Angels and Demons at Play
02. Between Two Worlds 1:56
03. Music From The World Tomorrow 2:20
04. Angels And Demons At Play 2:56
05. Urnack 3:45
06. Medicine For A Nightmare 2:15
07. A Call For All Demons 4:12
08. Demon's Lullaby 2:07
1 - 4 recorded at either Hall Recording Company or RCA Studios, Chicago, June 1960
5 - 8 recorded at RCA studios, Chicago, probably February 1956
Sun Ra: piano, Cosmic Tone Organ, percussion
Phil Cohran: trumpet (1, 4), Violin-Uke (3)
Nate Pryor (1, 4) and Bo Bailey (2): trombone
John Gilmore: tenor sax (1, 2, 4), clarinet (1, 4)
Marshall Allen: alto sax (2), flute (1, 4)
Ronnie Boykins: bass
Jon Hardy: drums (1, 3, 4)
Robert Barry: drums (2)
Sun Ra: piano, electric piano
Art Hoyle: trumpet
John Gilmore: tenor sax
Pat Patrick: baritone sax
Julian Priester: trombone
Wilburn Green: bass
Jim Herndon: tympani
Robert Barry: drums
Angels And Demons At Play was compiled from two different sessions, recorded four years apart (1956 and 1960), that reflect Sun Ra's evolution from hard Chicago bop towards exotic styles that transcended easy categorization. The album was released in 1965 with a distinctive sleeve design by Sun Ra, featuring an identical illustration on both sides, and no sleeve notes. Besides the leader, there's overlapping personnel at the two sessions, yet the two LP sides were somewhat incongruous, demonstrating how much the Arkestra had evolved in four years.
Side A (tracks 1–4) consists of four performances from the marathon 1960 Chicago recording session that produced dozens of tracks released over the subsequent decade on a series of Saturn releases. Two idiosyncratic works, "Tiny Pyramids" and the title track (the latter featuring a flute solo by Marshall Allen), were composed by bassist Ronnie Boykins. "Between Two Worlds," a Sun Ra original, is a short, springy cha-cha. The colorfully abstract "Music From The World Tomorrow," featuring Sun Ra on Cosmic Tone Organ and Phil Cohran on "violin-uke," is the album's revelation — a short "sound experiment" rather than a composition, hinting more than any work on the collection Sunny's future direction.
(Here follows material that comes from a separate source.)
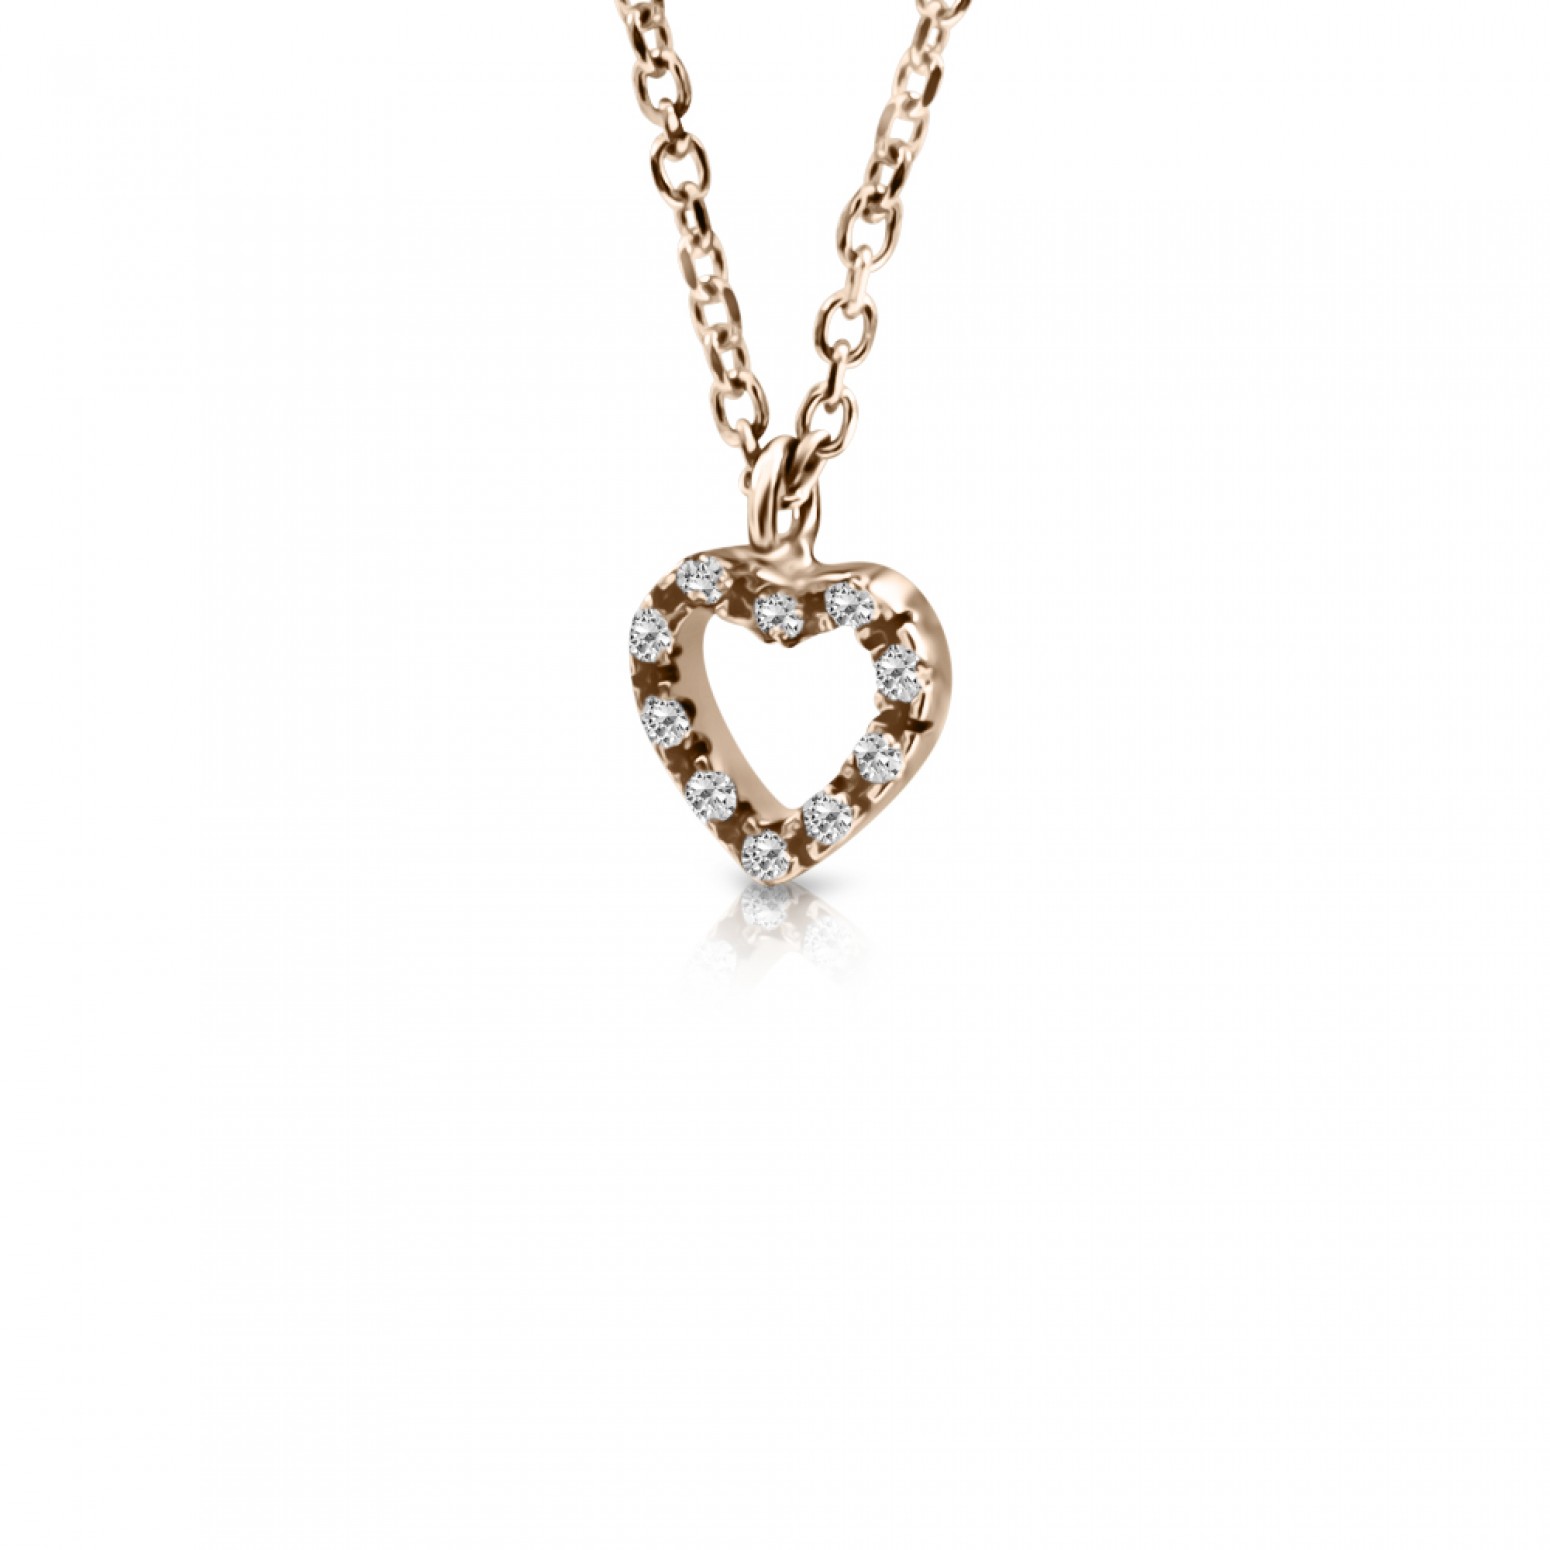 Heart necklace, Κ14 pink gold with zircon, ko2387 NECKLACES Κοσμηματα - chrilia.gr

The B-side of the album (tracks 5–8) goes back to the 1956 first Arkestra sessions, featuring Sunny's emerging "Hard Space Bop." The work is solid, and representative of the foundational years of the Sun Ra legacy. Three of the tracks had been released as singles by Saturn.
The respective sides document two early periods of Sun Ra's musical trajectory. But by the time the album was released in 1965, neither side accurately reflected what Sun Ra was offering fans on the concert stage or on new album releases, much less where his music would head as the decade continued to unfold. Compare Angels and Demons to the albums Strange Strings (recorded 1965) and Atlantis (recorded 1967-68), which sonically and stylistically are, as Sun Ra might say, "from another planet."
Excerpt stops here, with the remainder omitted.